Jennifer´s story is somewhat different. This strong young woman has a boyfriend and family who is supporting her but explained she came to the foundation when she was depressed about her situation. She is only 17 years old and was shocked when she became pregnant despite being very casual about using protection of which she admits she rarely used with her boyfriend when they had sex. She revealed to us that her father was absent when she was growing up and took the path of drugs. I asked if she regretted getting pregnant at such a young age and she said she did at the time but now she has her little baby girl she doesn´t regret it and interestingly said that her little baby girl now fills a void that her father couldn´t.
“Manana, manana,” seems to be the answer I am hearing a lot here.
I am not knocking Colombian work ethic as I am mightily impressed how hard these people work and the hours they endure. It is not like slave labour or anything.
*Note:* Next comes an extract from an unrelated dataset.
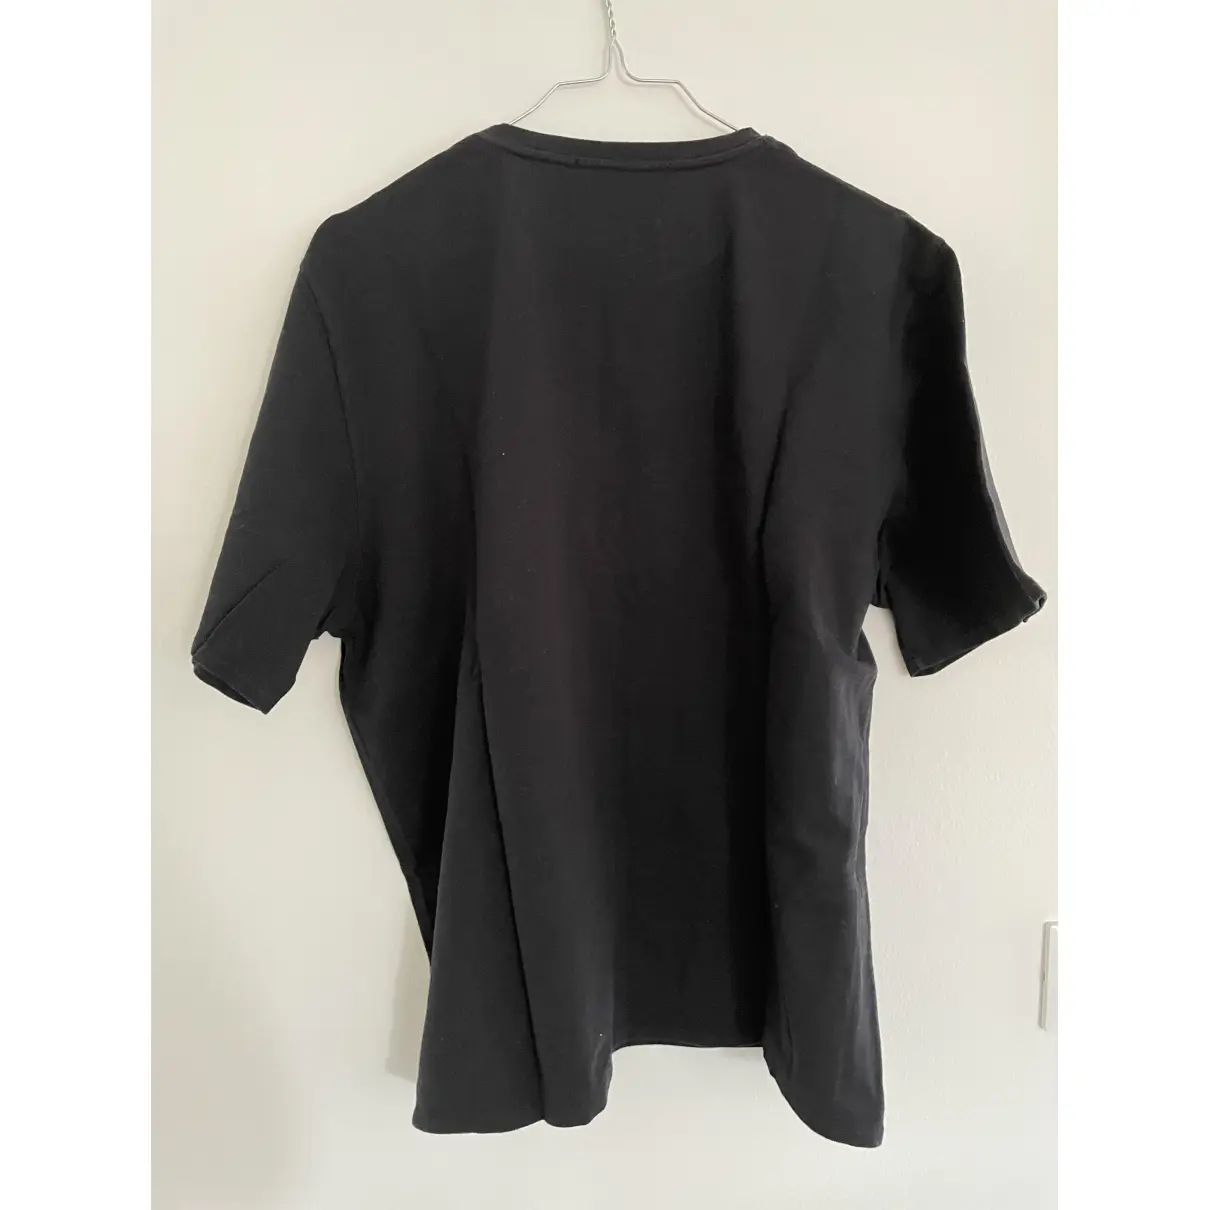 Buy Prada Black Cotton T-shirt online

Most Colombiano`s work 9-5 but their attitude seems to be work hard play hard and yet when it comes to their sense of urgency or track of time, there seems to be very little.
I have been trying to shoot a documentary here now for two weeks, conducting interviews and arranging access to institutions and organisations and I have one word for you: PATIENCE.
You will need a lot of this along with a nice little recipe of compromise, co-operation and resilience if you are a journalist in this increasingly difficult country.
Don´t get me wrong the people are incredibly friendly and mostly helpful but there seems to be a lot of bureaucracy and red tape that you have to cut through to speak to the right people who are going to give their honest opinions and not just an institutionalised response to your questions.
And quite honestly my best interviews so far have been me resorting to on the spot journalism in the street or finding ways round the conventional “must do” ways to gain access to speak to people. On two occassions now I have relied on friendly contacts helping me after hearing very little if anything in the way of progress and authorisation from the organisations I have been attempting to reach, including a secondary school, a restaurant and a government institution. The latter of which I knew would be difficult and I asked my sociologist and journalist friend Ana if this was anything to do with press censorship in the country and she reassured me that it wasn´t but more to do with the incredible levels of security this country has and she is right. At every corner I see armed guards and I have become increasingly accustomed to it now.
So one piece of advice when coming to Colombia, if you plan a weeks stay here take two, and if you want to make a documentary in a month, plan, plan, plan well beforehand or rely on incredible friends and helpful strangers. The latter option is not guaranteed but you certainly have an adventure in the process.
Ironically Electric Feel by MGMT came on my ipod tonight on another rather ominous flight in Colombia! I am on a solo adventure to Cartagena, the beautiful colonial city that is a must visit according to my Colombian Lonely Planet.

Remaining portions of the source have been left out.